If true happiness is rooted in the very nature of God, and God is Love, then we also know happiness involves the giving and receiving of love. Have you noticed, when your heart is filled with love, the craving for “too much” of everything else relents? Or, when you share true presence with your children, their behavior improves? How different would our experience of sex be if the focus was less on seduction and need-gratification, and more about mutual, loving self-offering? Overeating might lose it’s appeal if we were satisfied with enough love every day. Can human love satisfy our every need? No. To seek sufficient love solely from human relationships only changes the focus of the addiction. God is the bottomless source of love. But we grossly underestimate our power to love and sow happiness.

My mom has cooked dinner for my dad repeatedly in their 40-year marriage. I have never once heard my dad complain that the corn is tough or the chicken bland. He simply sits down and relishes whatever she makes. My mother offers him happiness in the meal and he offers her happiness in his response. What if we each decide to cook-up love in the best way we can and then pull up a chair and relish the love-offering of others? I think we might find ourselves transformed into people of deep and abiding happiness.

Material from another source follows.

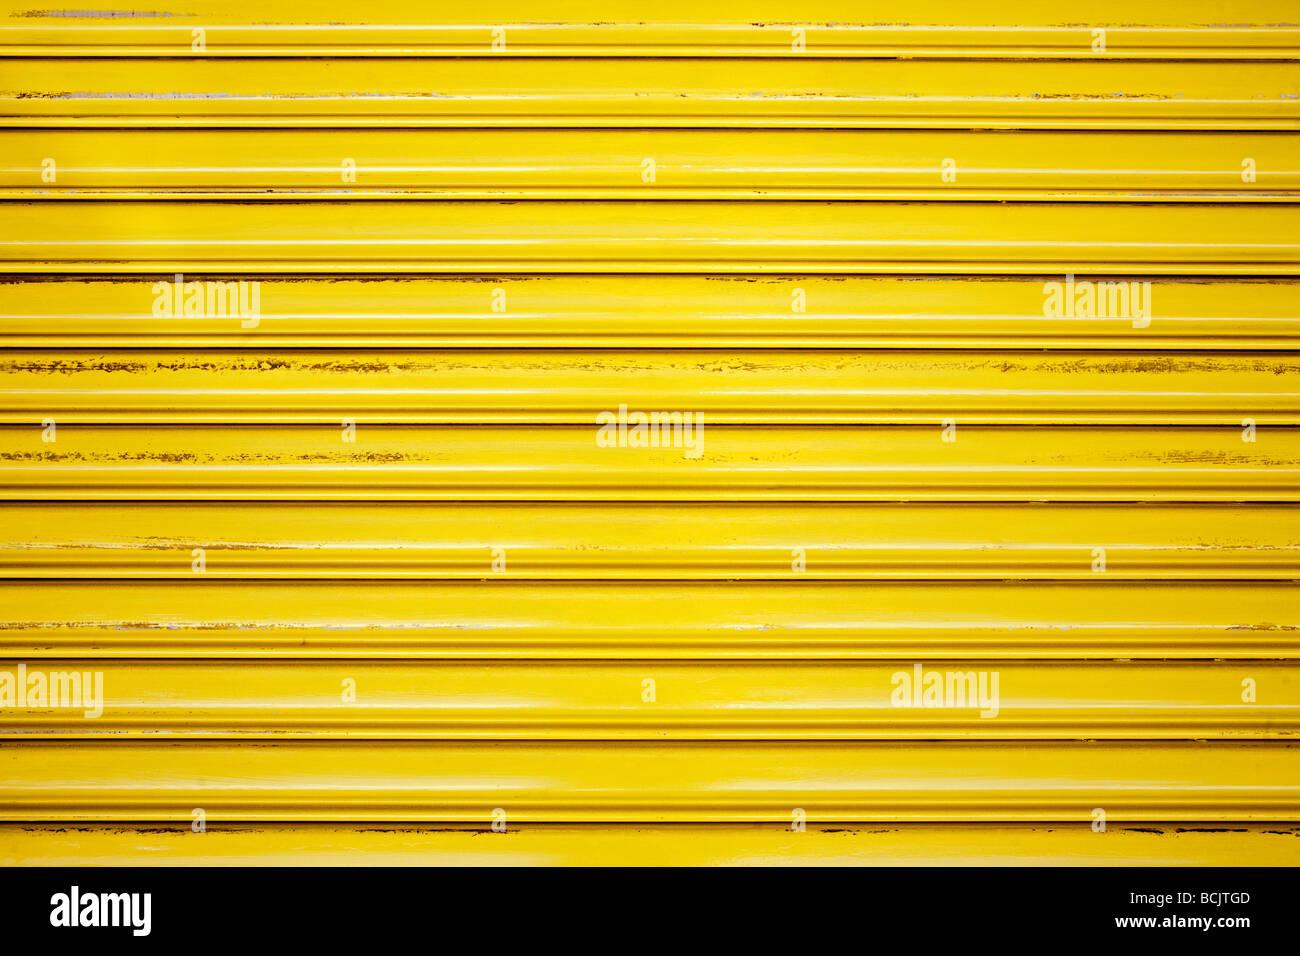 Closed yellow shutter - Stock Image
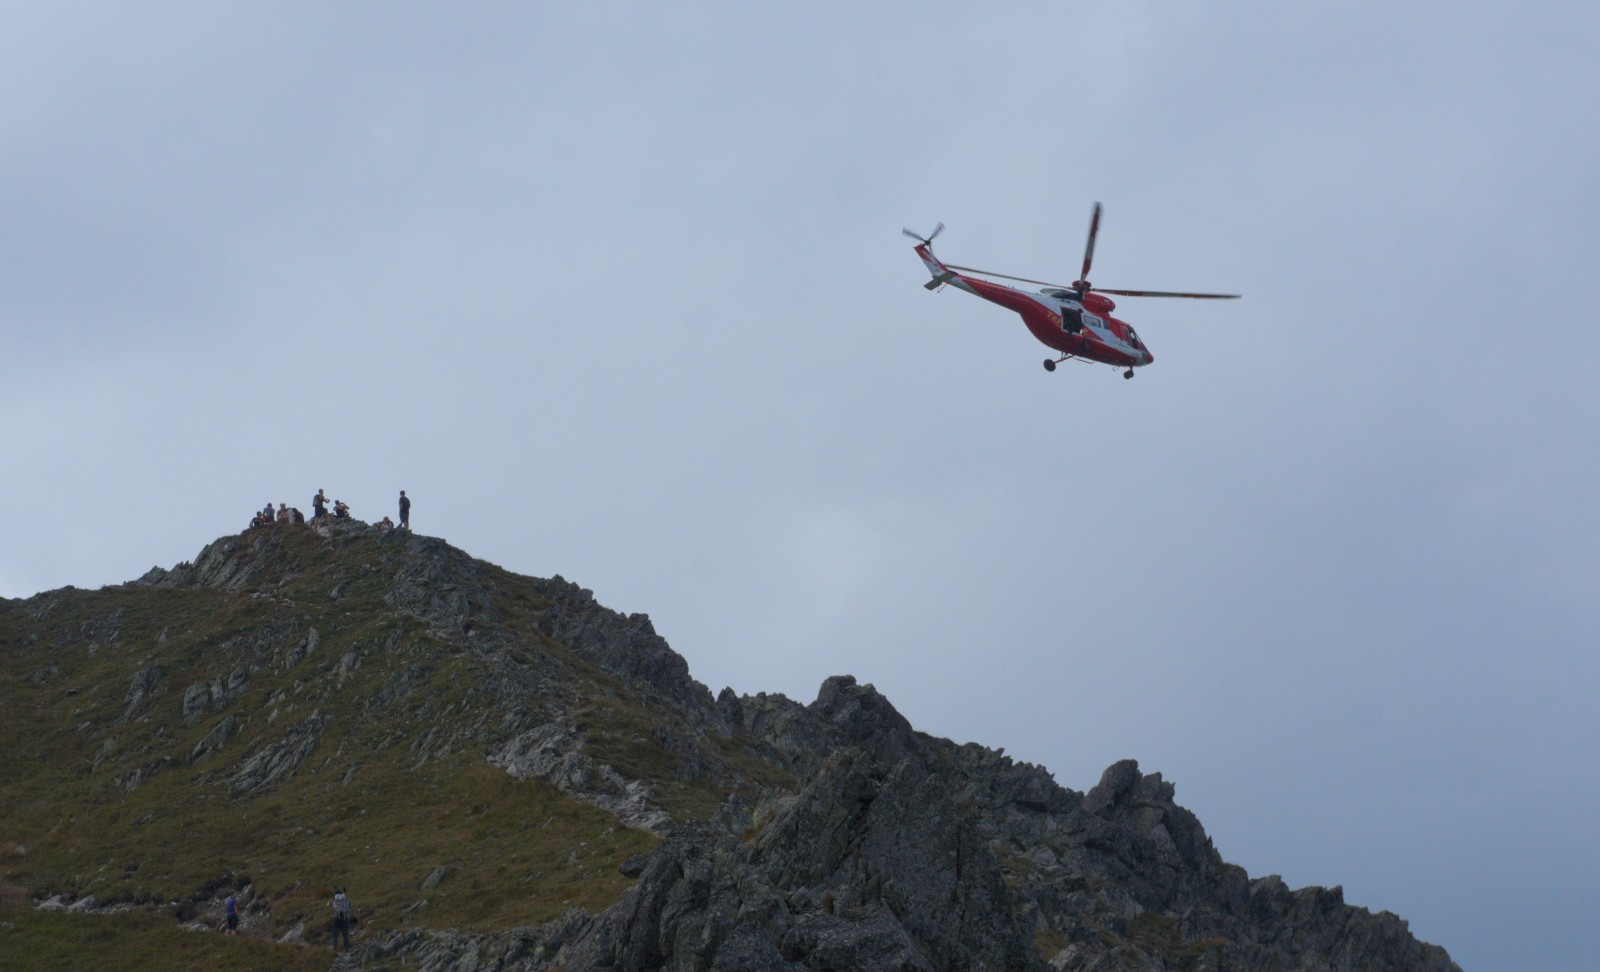 Vrtulník u Hrubého štítu / Szpiglasoweho Wierchu

An ancient hymn, thought to be one of the earliest songs of the Christian church, imagines Jesus as the Phos Hilaron—the “Happy Light.” Legend says it was composed by an old man on his way to being martyred. The executioner’s arm was paralyzed until the elderly bishop had finished his song. May this be true for all of us—may we be given as many days as we need to fully sing our song of love and may true happiness be the result.


Kate Coffey is a graduate of Columbia Theological Seminary and Shalem’s Leading Contemplative Prayer Groups and Retreats Program for which she now serves as adjunct staff. She lives and writes in South Carolina.